Durham, NC (On‑Site). Novartis does not offer relocation support.

• Ensure automation aspects of new equipment are designed, meet Novartis standards, and are appropriately commissioned and qualified.
• Provide oversight for automation aspects of projects, including integration of 3rd party equipment with standard plant systems such as DCS, BMS, Historian, and infrastructure.
• Design, configure, install, and maintain automation software and associated hardware for existing equipment and processes.
• Prepare scopes of work for large projects, lead small teams, and manage automation contractors to complete required work within project timelines.
• Lead discussions with internal business partners on priorities, timelines, and transparent sharing of information.
• Develop, review, and approve lifecycle documentation (User Requirements, Functional Specification, Detail Design Specifications, etc.).
• Develop and maintain procedures to meet GMP requirements, CFRs, and internal company policies.
• Participate and/or lead new product implementation processes to ensure smooth transition from development to GMP manufacturing.
• Drive operational excellence and continuous improvement.
• Partner with Quality to ensure a quality and compliant manufacturing environment, including participation in regulatory audits as an automation SME.
• Resolve technical issues impacting production.
• Support 24x7 site‑based operations, including rotating on‑call responsibilities.
• Investigate non‑conformances related to automation systems.
• Perform other related duties as assigned.

• B.S. degree in Engineering, Computer Science, or a related technical field.
• 8 years of experience in pharmaceutical or biopharmaceutical GMP manufacturing operations (or 12 years of equivalent experience).
• Excellent oral and written communication skills with demonstrated technical writing ability.
• Experience programming, troubleshooting, and maintaining site automation systems such as DCS, BMS, PLC, SCADA, historian, and infrastructure, including industrial protocols.

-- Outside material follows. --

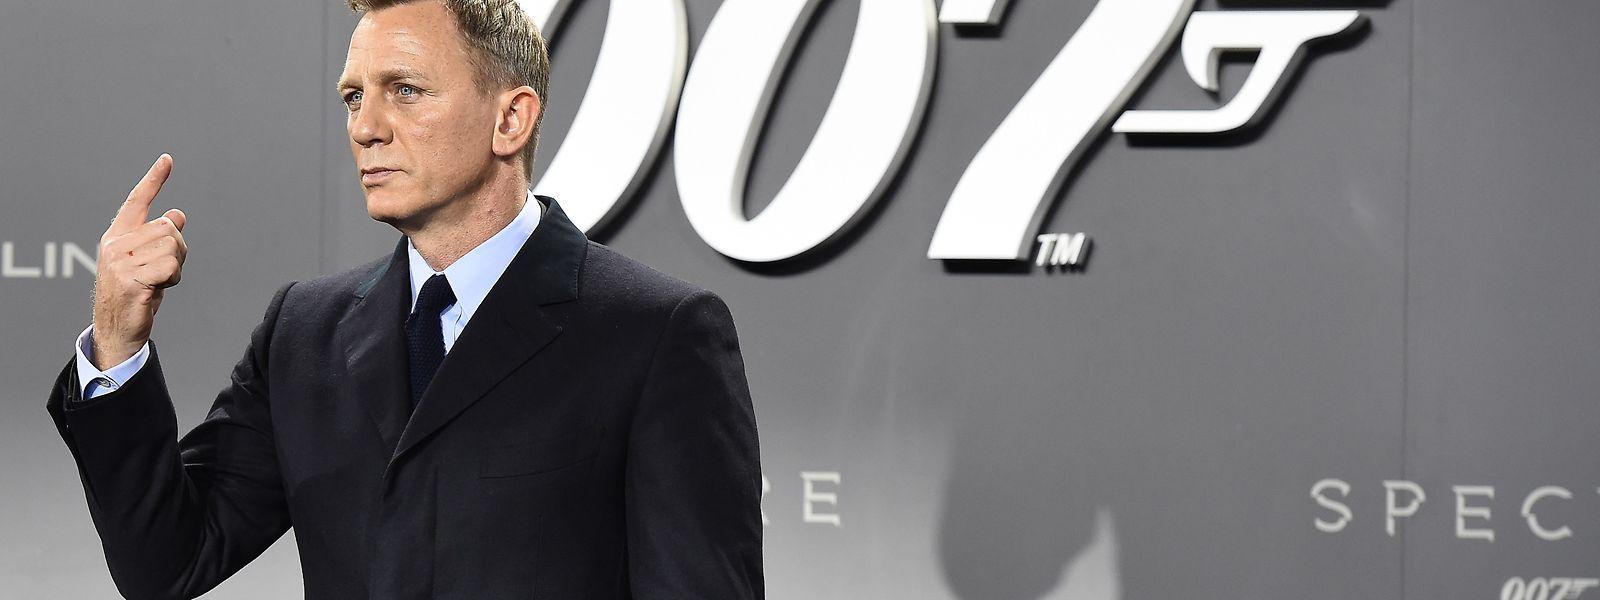 """o britânico Daniel Craig interpreta o papel de 007, depois de """"Casino Royale"""" (2006), """"Quantum of Solace"""" (2008), """"Skyfall"""" (2012) e """"Spectre"""" (2015)."""

• Experience in development and execution of system level qualification testing and guidance on qualification plans in conjunction with C&Q department.
• Proven experience applying S88 methodology in an automated environment and developing control system standards aligning with S88.

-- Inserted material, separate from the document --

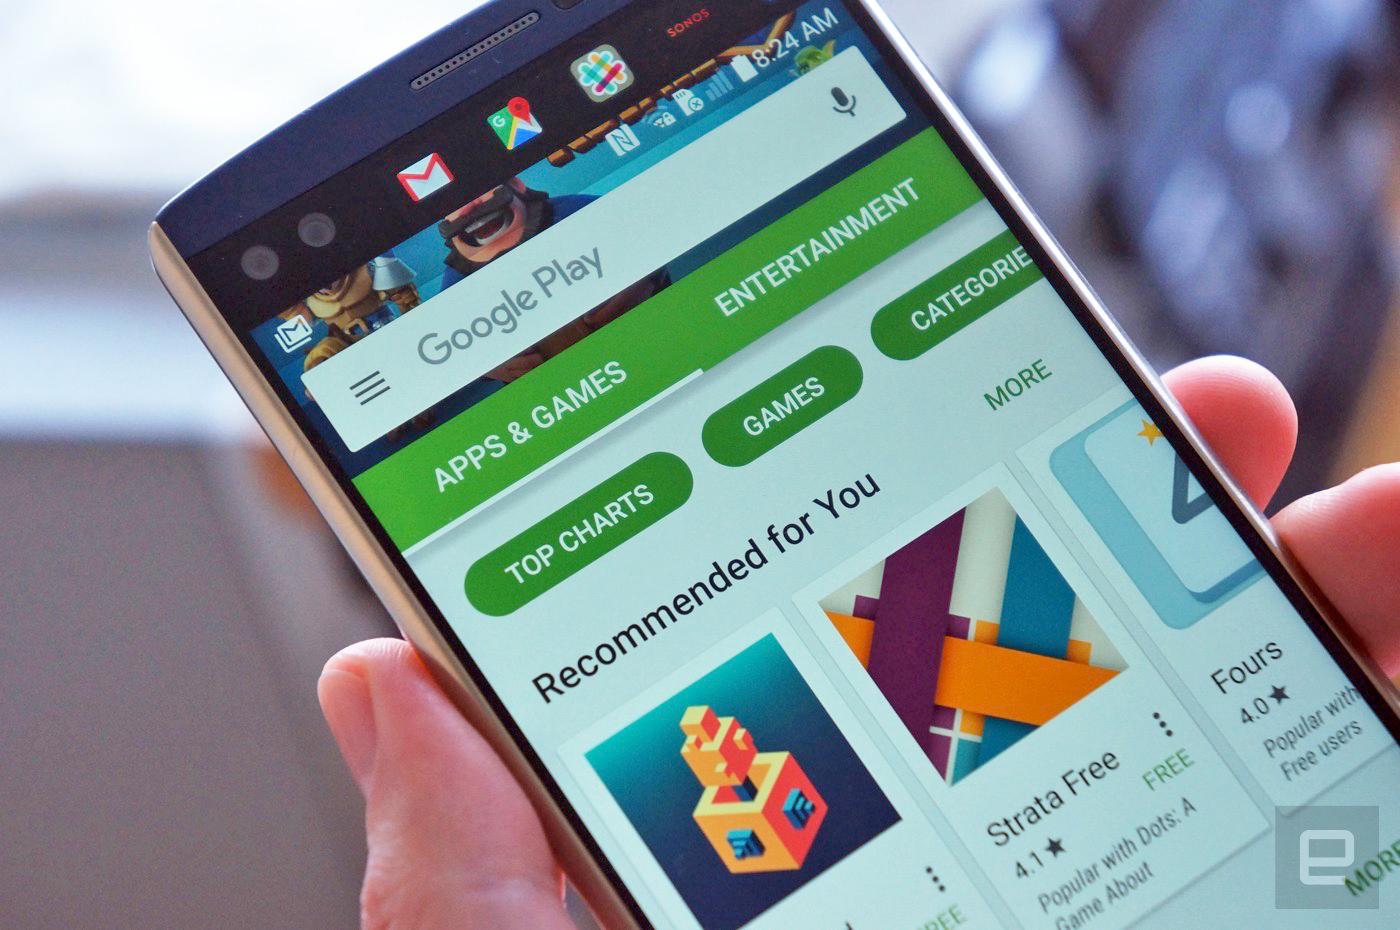 گوگل در حال آزمایش تدابیر جدید امنیتی جهت جلوگیری از تقلب در امتیازدهی به اپلیکیشنهاست

• Experience in field wiring practices, panel design, troubleshooting and start‑up of control systems, and instrumentation.
• Experience writing and executing complex change controls.
• In‑depth knowledge of FDA regulations, particularly 21 CFR Part 11 and GMP systems.
• Strong project management skills with extensive experience in strategic/tactical planning and long‑term project planning.
• Ability to prepare contingency plans and logically work through complex issues under pressure.
• Provide technical support on all manufacturing issues toward resolution.
• Up to 10% travel may be required.

The salary range is $108,500 to $201,500 annually, based on qualifications and experience. The final salary will be reviewed periodically. Compensation includes a performance‑based cash incentive and eligibility for annual equity awards. US‑based eligible employees receive a comprehensive benefits package (health, life, and disability benefits, 401(k) with company contribution and match) and a generous time‑off package (vacation, personal days, holidays, and other leaves).